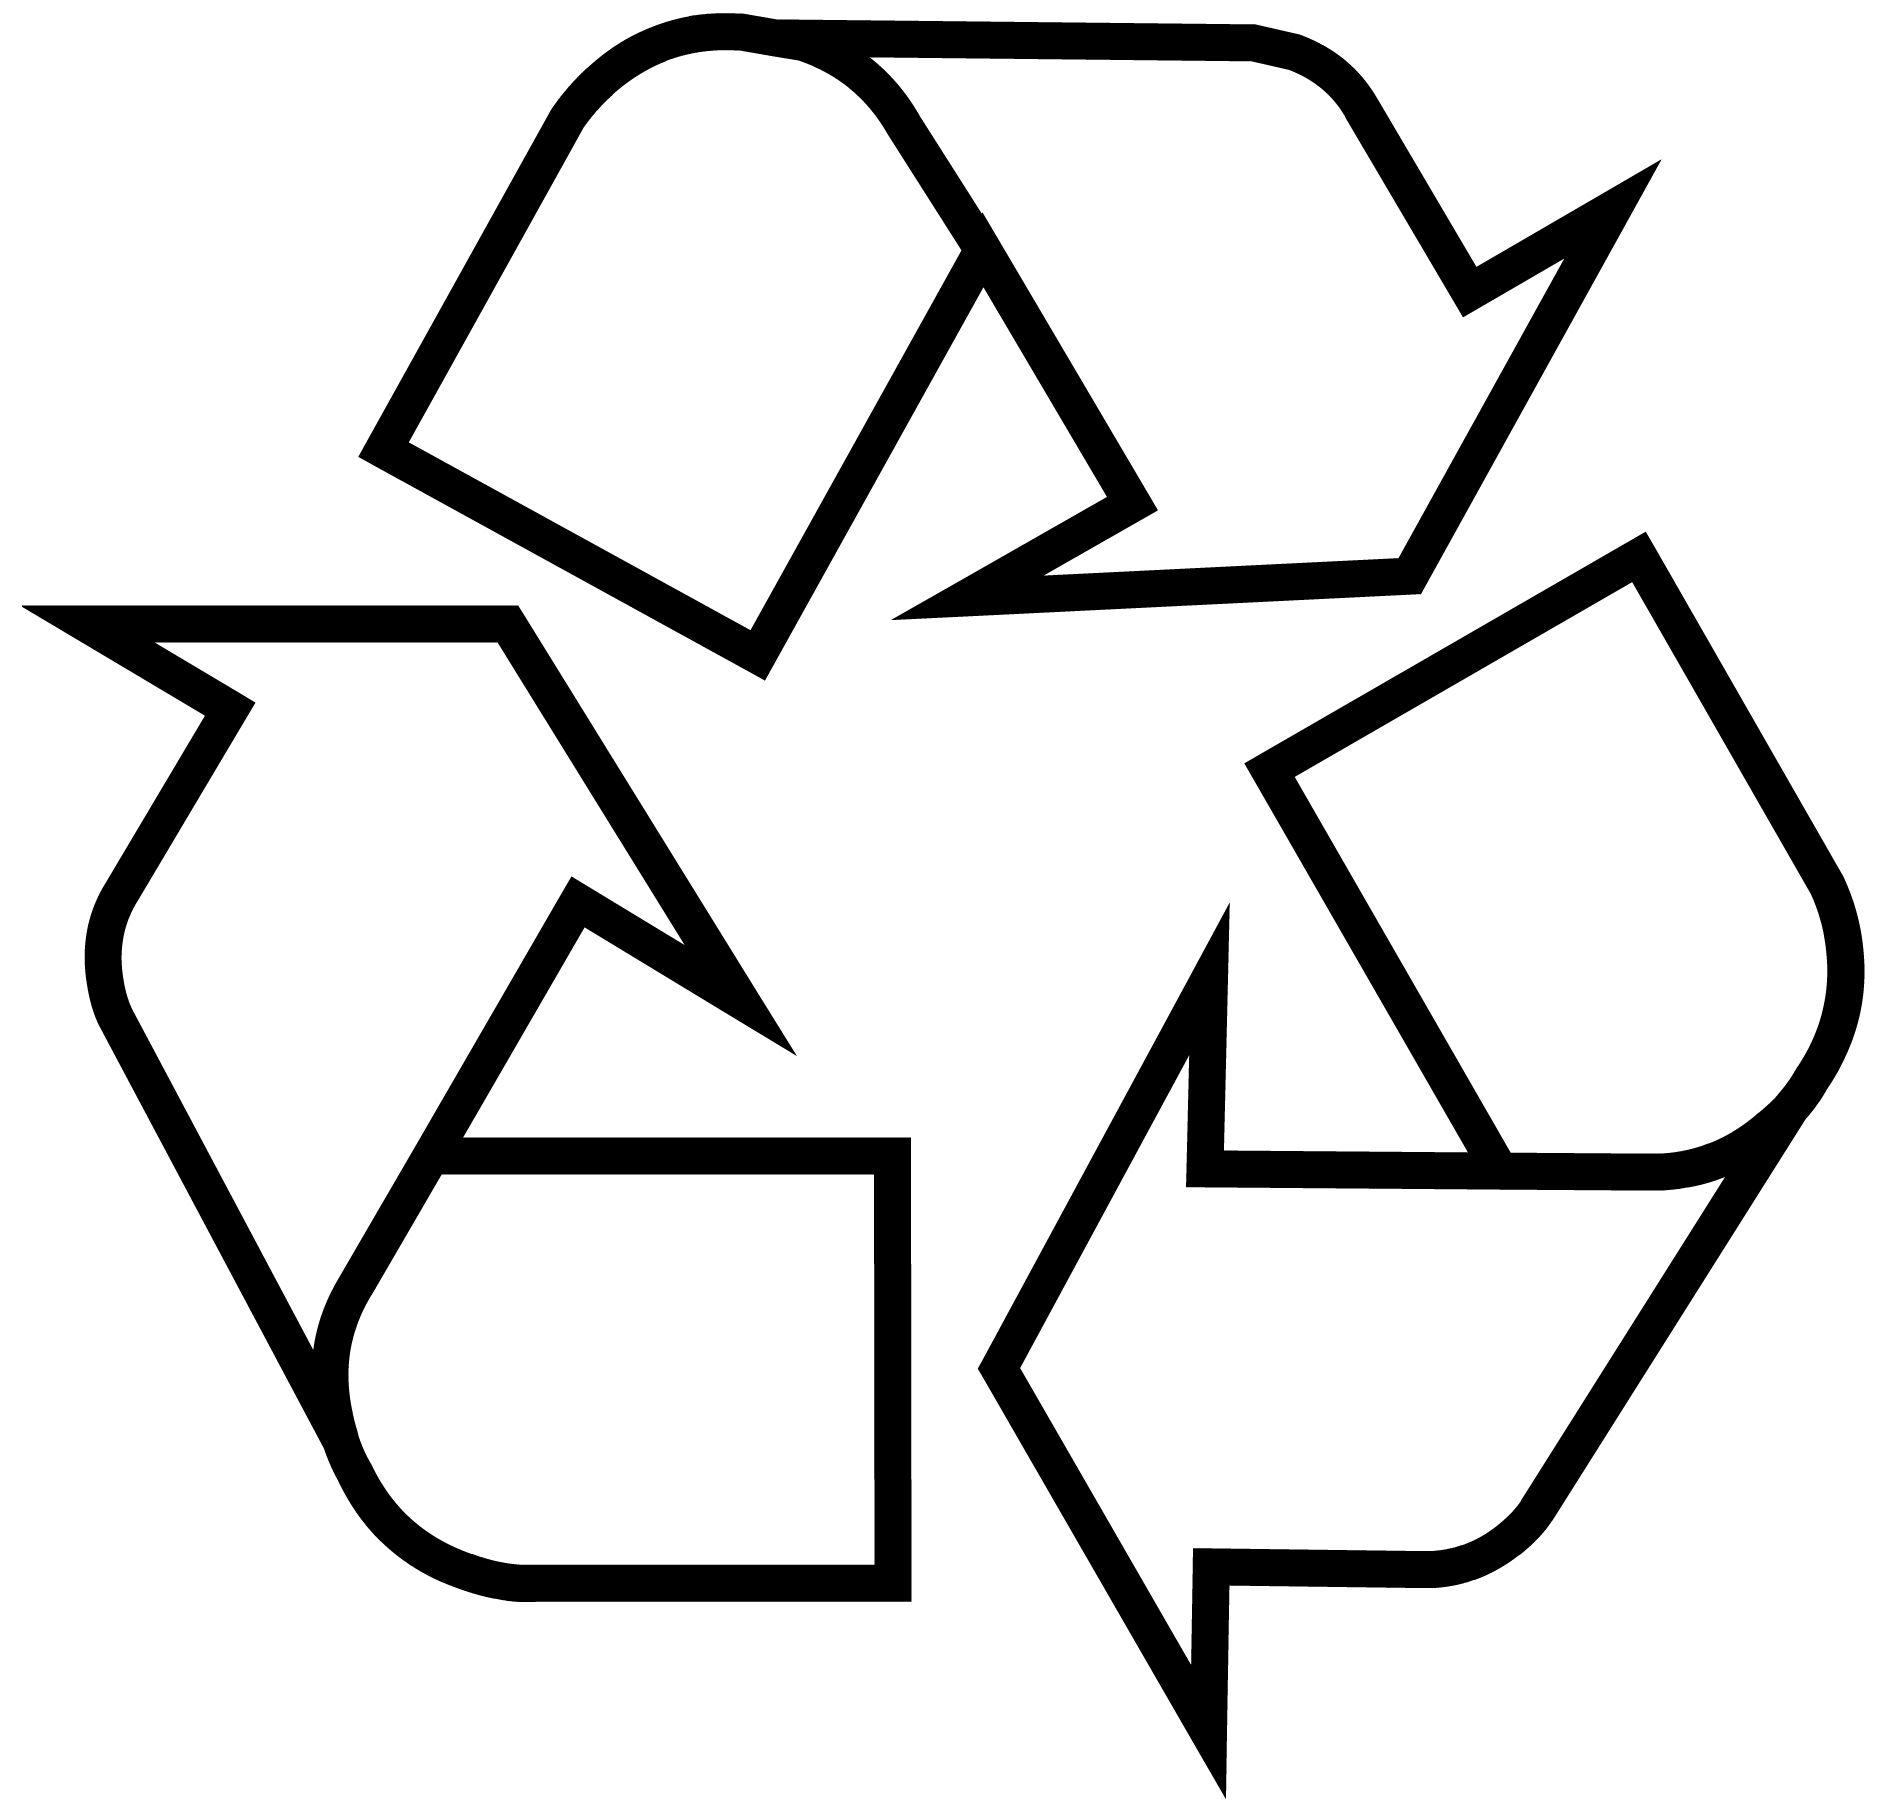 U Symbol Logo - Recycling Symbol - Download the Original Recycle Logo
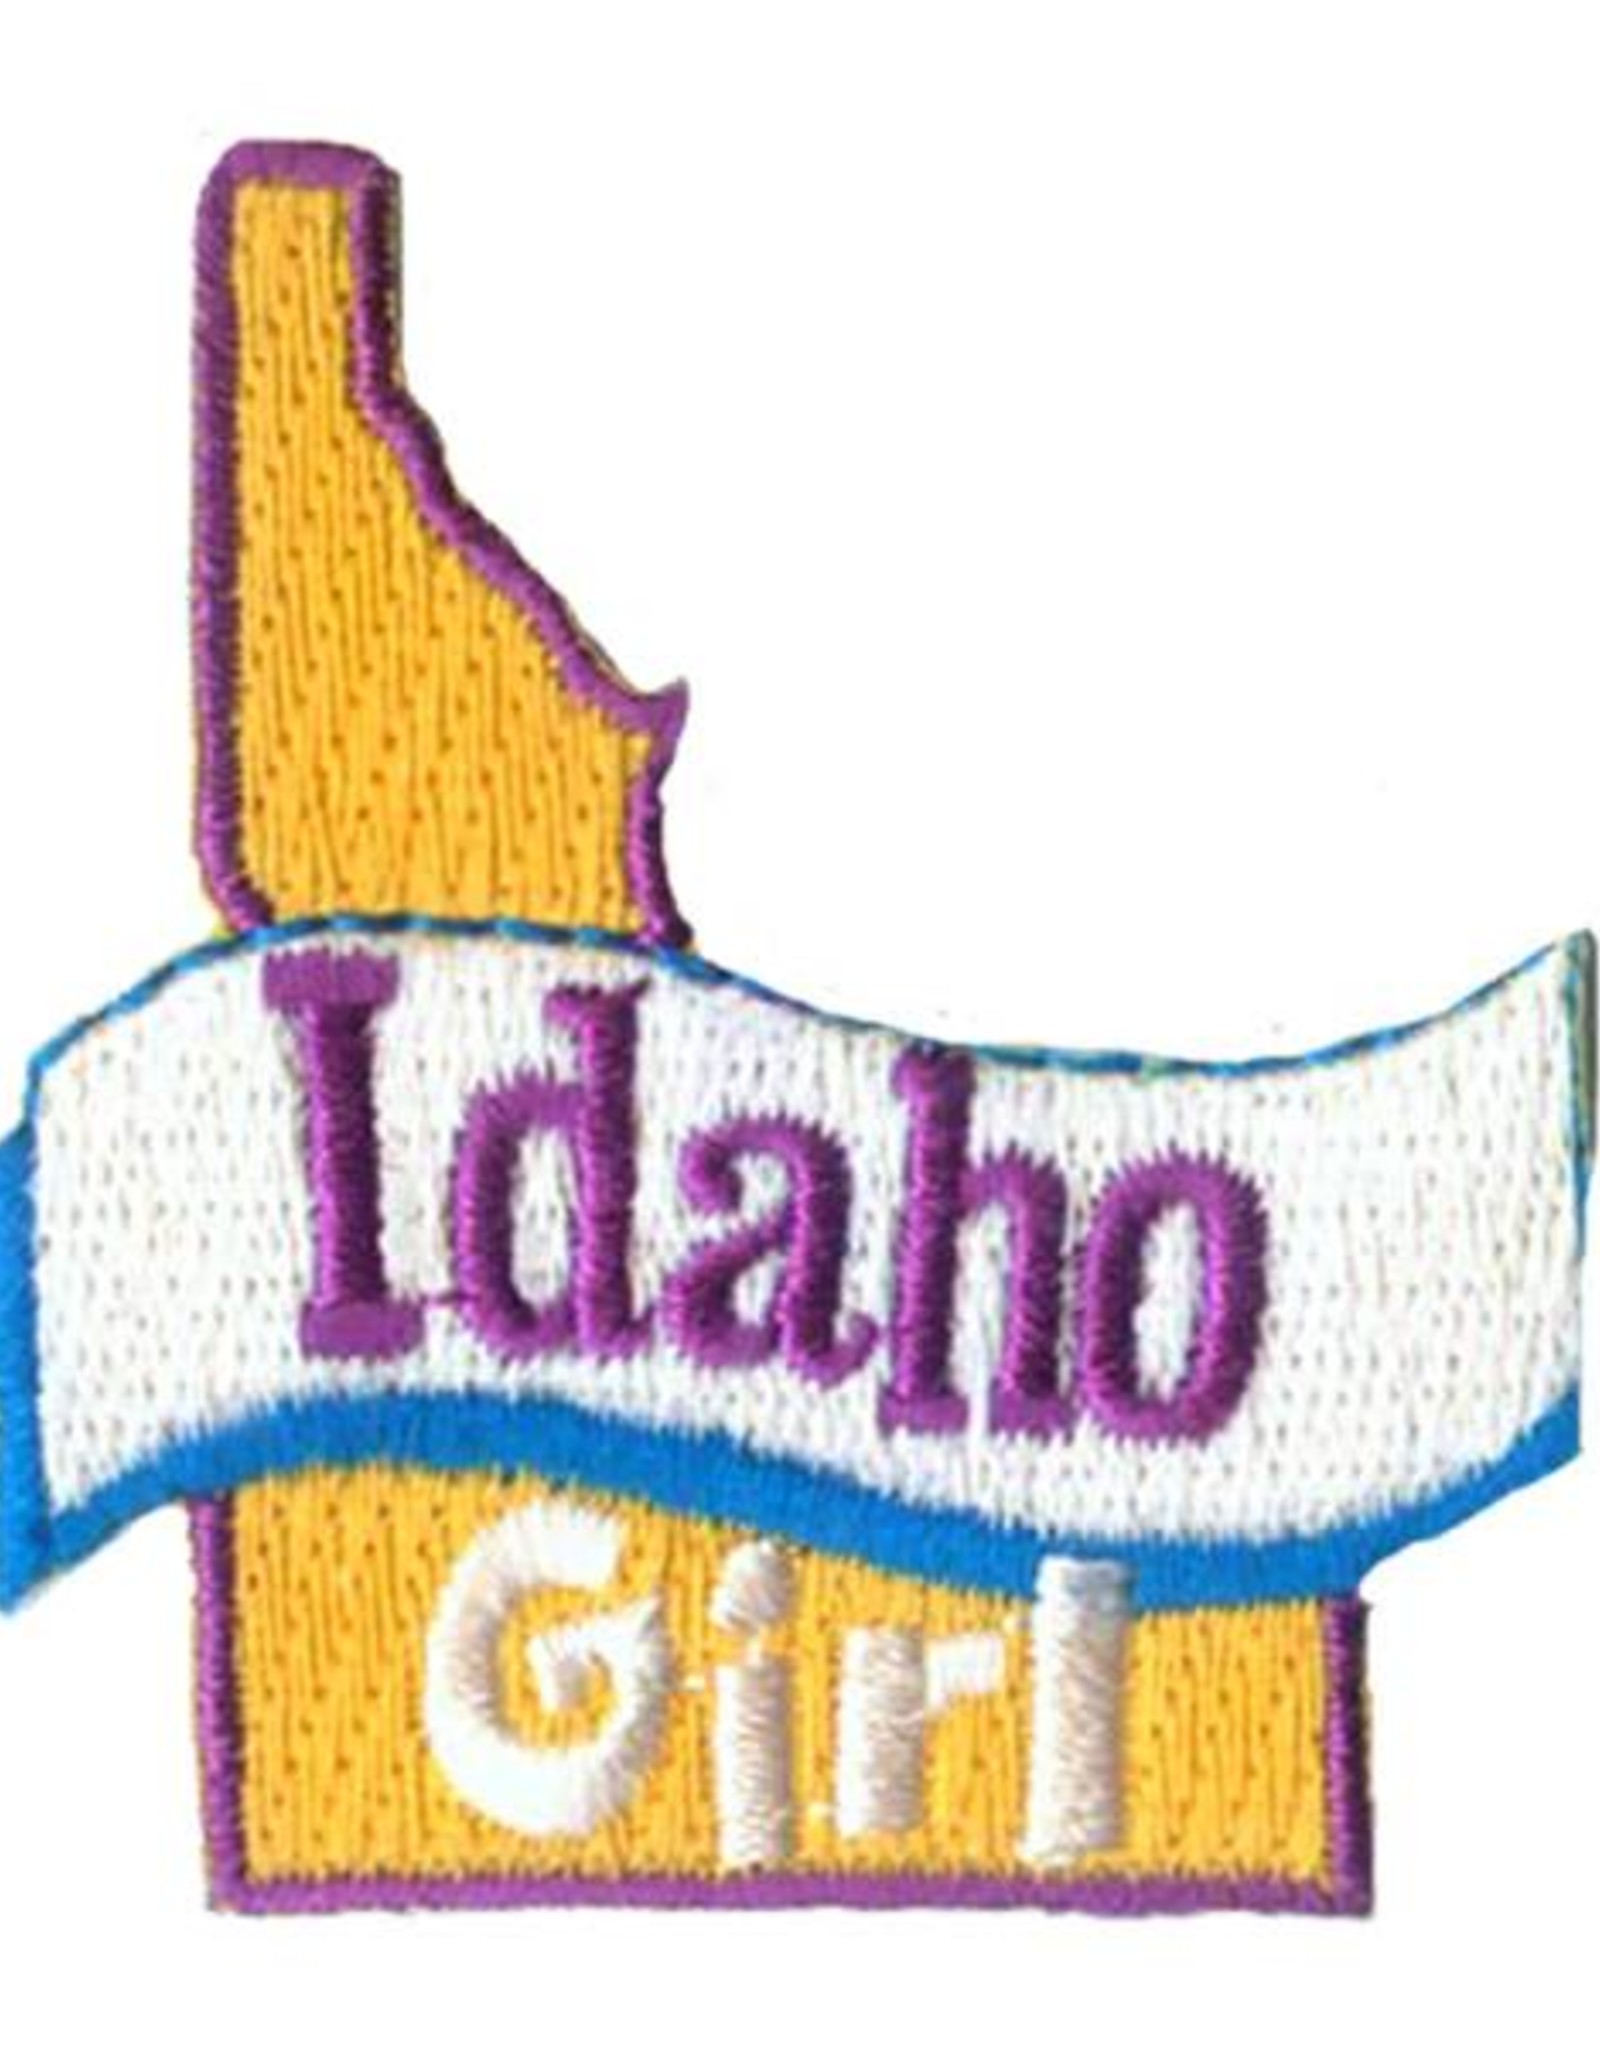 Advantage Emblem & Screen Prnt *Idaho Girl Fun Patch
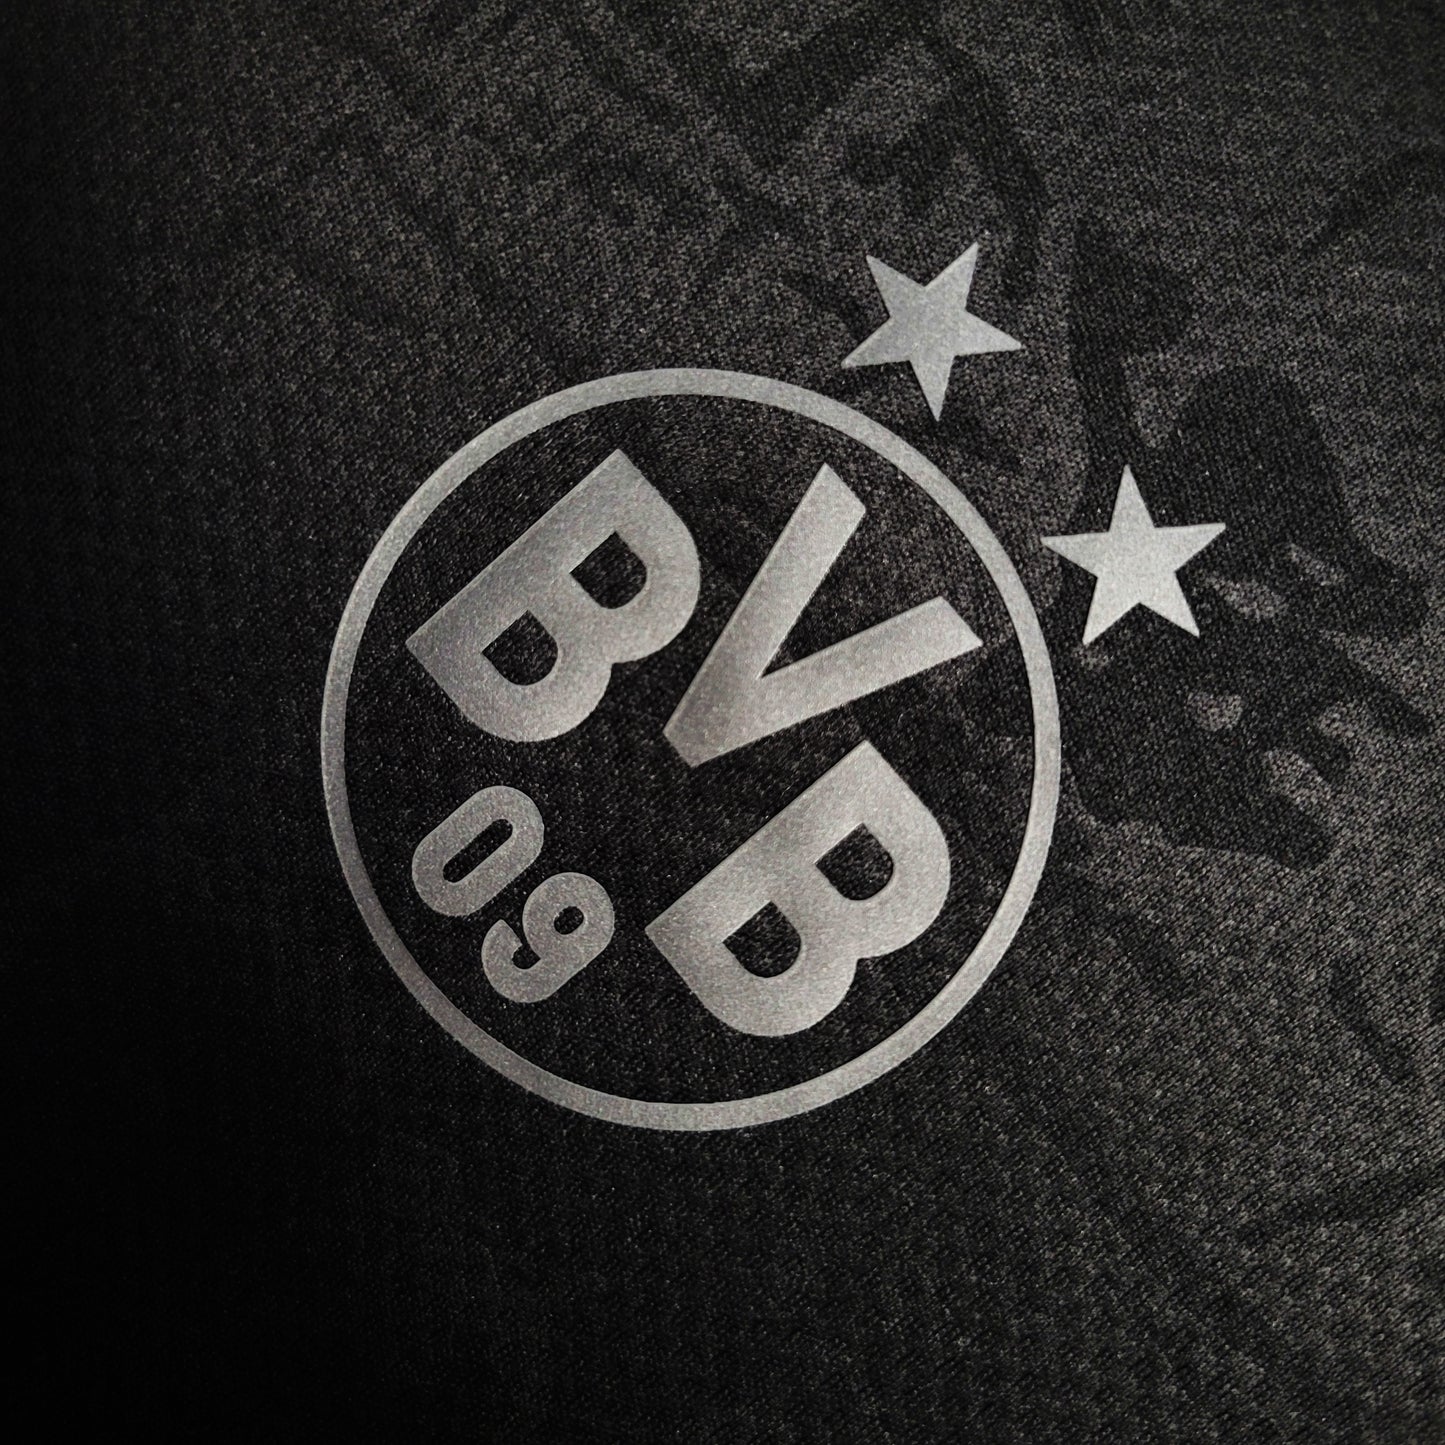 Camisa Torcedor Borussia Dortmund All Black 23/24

▶ _WHAT YOU ARE ASKED TO DO_:
Lines from the one that contains "Advantage Emblem &" to the final line of the material are the whole answer. Reproduce them word for word and skip the pictures.

▶ _REPLY TO THE TASK_:
 Advantage Emblem & Screen Prnt *Idaho Girl Fun Patch
 Camisa Torcedor Borussia Dortmund All Black 23/24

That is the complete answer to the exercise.